Anxi (安溪), a mountainous county 90 minutes west of Quanzhou city, is the birthplace of Tieguanyin (铁观音, "Iron Goddess of Mercy") — one of the most famous oolong teas in the world. The tradition runs back to the 18th century; the county has cultivated tea continuously for over a thousand years and today accounts for a substantial share of China's oolong production.
The terraced tea gardens around Xiping Town (西坪镇, considered the original source) and Gande Town (感德镇, now the largest producing area) stretch across steep green hills. The landscape is less vertical than Wuyi but just as photogenic — rolling rather than dramatic.
A half-day to full-day visit typically includes:
- Walking a working tea garden (ideally at a small family estate rather than a tourist showpiece).

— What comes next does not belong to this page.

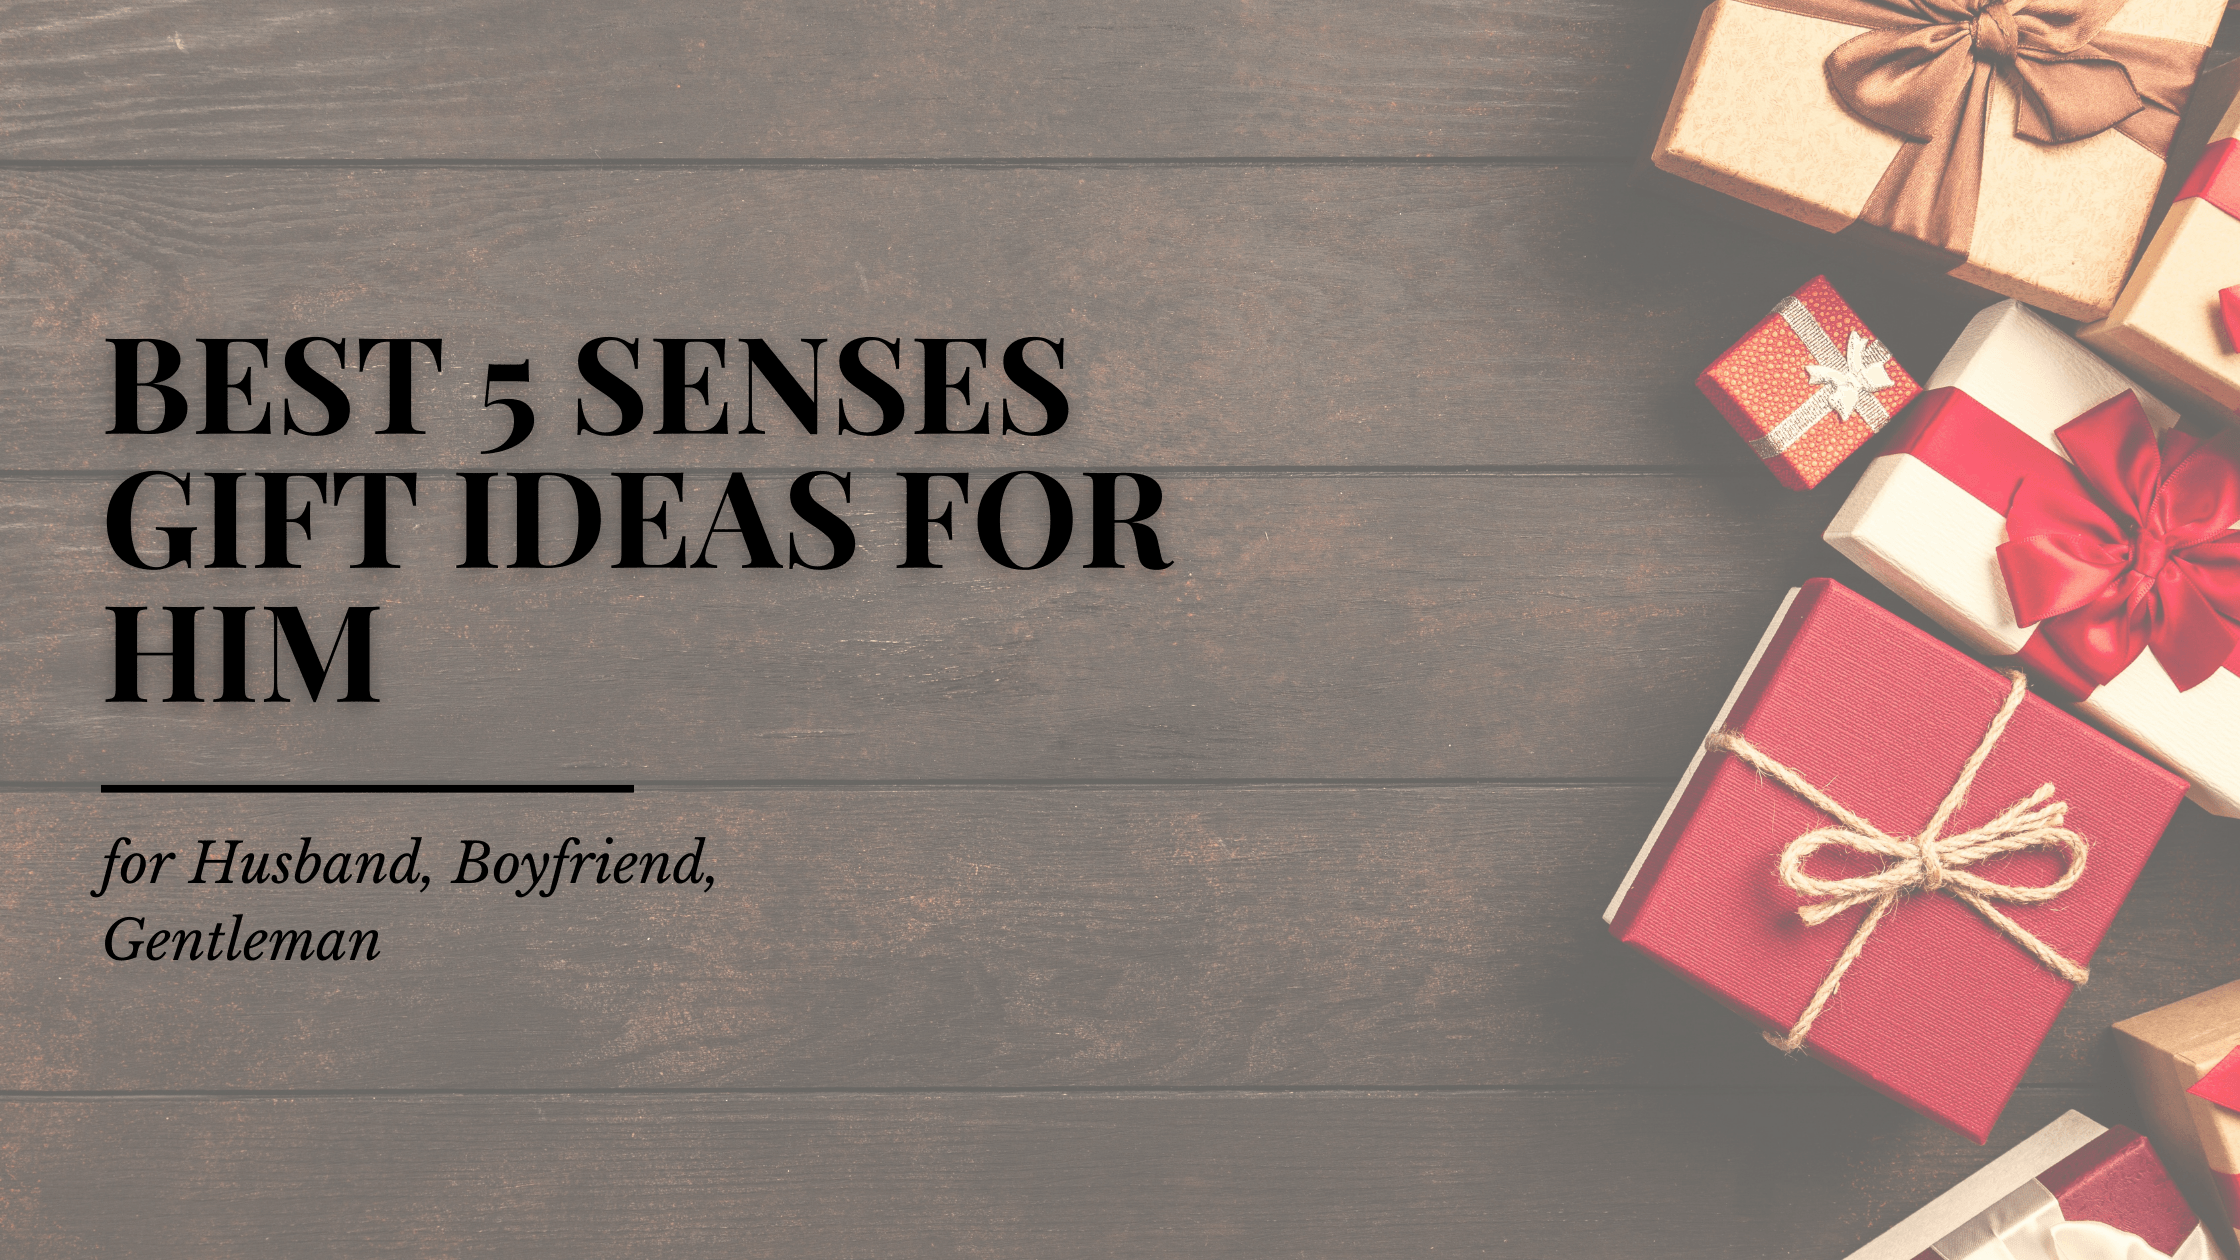 best 5 senses gift ideas for him or 5 senses gifts for husband boyfriend gentleman mandujour

- Watching the processing floor — Tieguanyin has a distinctive rolling-shaping step that gives the leaves their tight, ball-like form.

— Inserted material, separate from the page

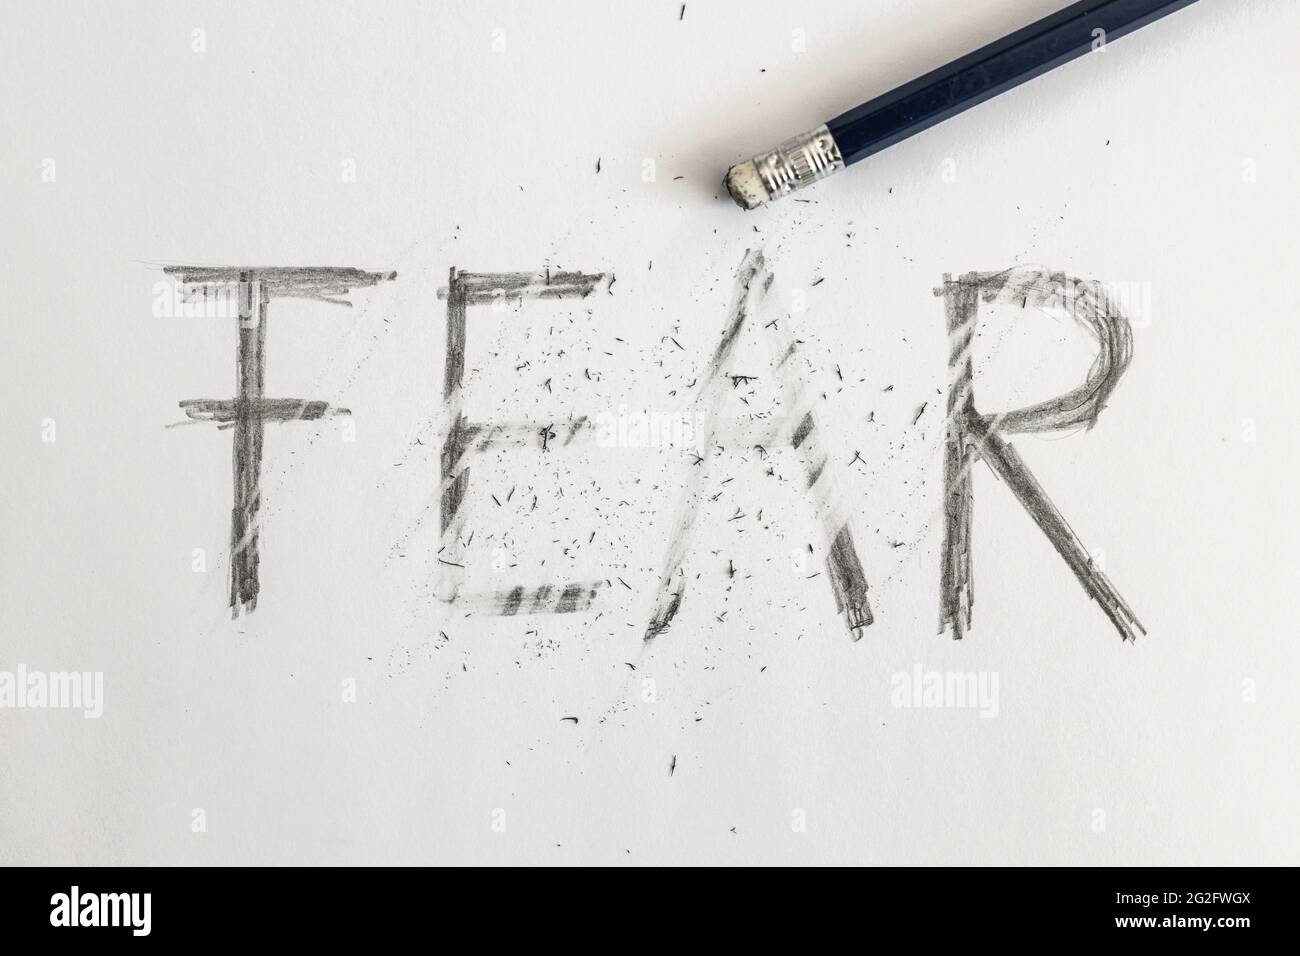 Effacer la peur. Peur écrite sur papier blanc avec un crayon, effacée avec une gomme. Symbolique pour surmonter la peur ou traiter la peur. Banque D'Images

- A tasting flight — qīngxiāng (green-style, lightly oxidised) versus nóngxiāng (traditional dark-roasted), three grades of each.

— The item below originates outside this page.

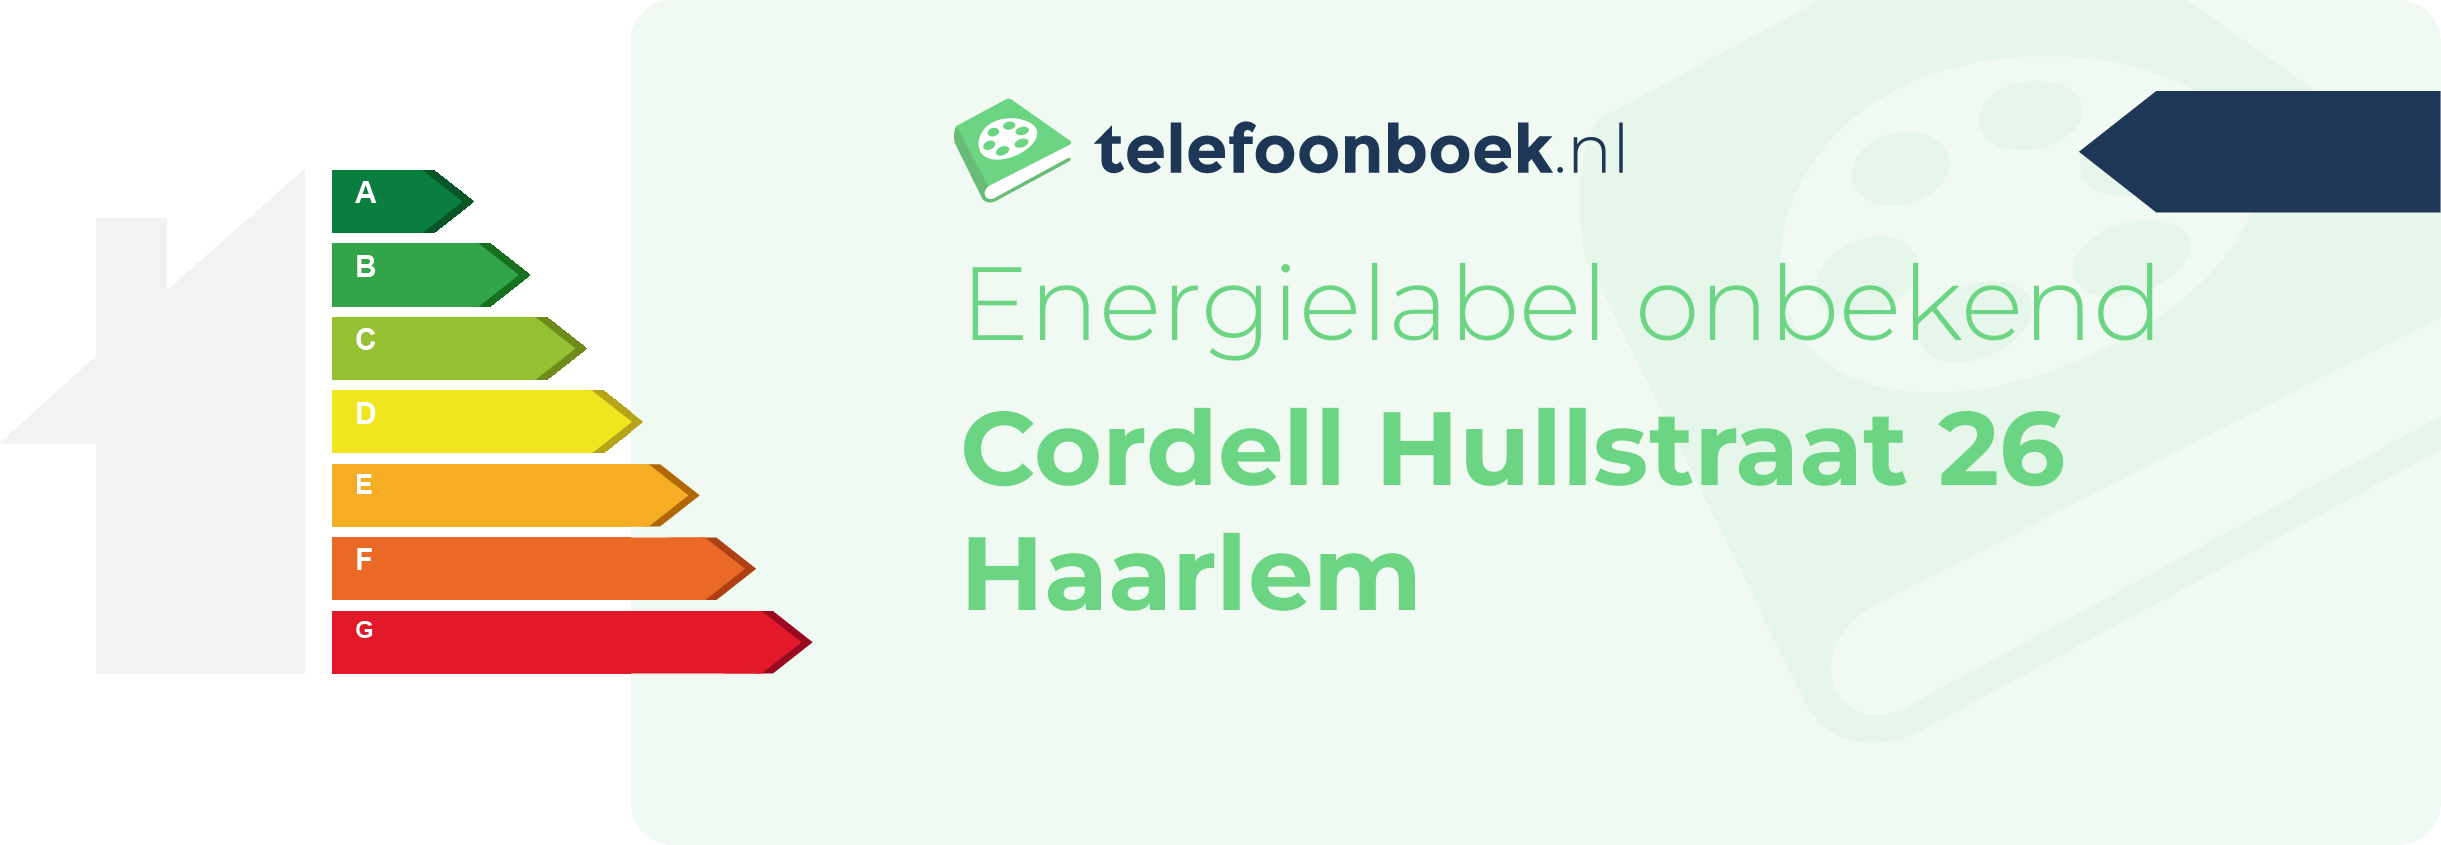 Energielabel Cordell Hullstraat 26 Haarlem

- Buying at source — good-grade Tieguanyin for 300–800 CNY/500 g instead of the 2,000+ CNY urban teahouse price.
Practical: DiDi from Quanzhou old town 90 minutes, ~250 CNY each way — book for a half day. Estate visits best arranged via Xiaohongshu ("安溪 铁观音 庄园 体验") or a local tea-shop contact in Quanzhou. A full tea day with estate + lunch + tasting runs 400–900 CNY/person.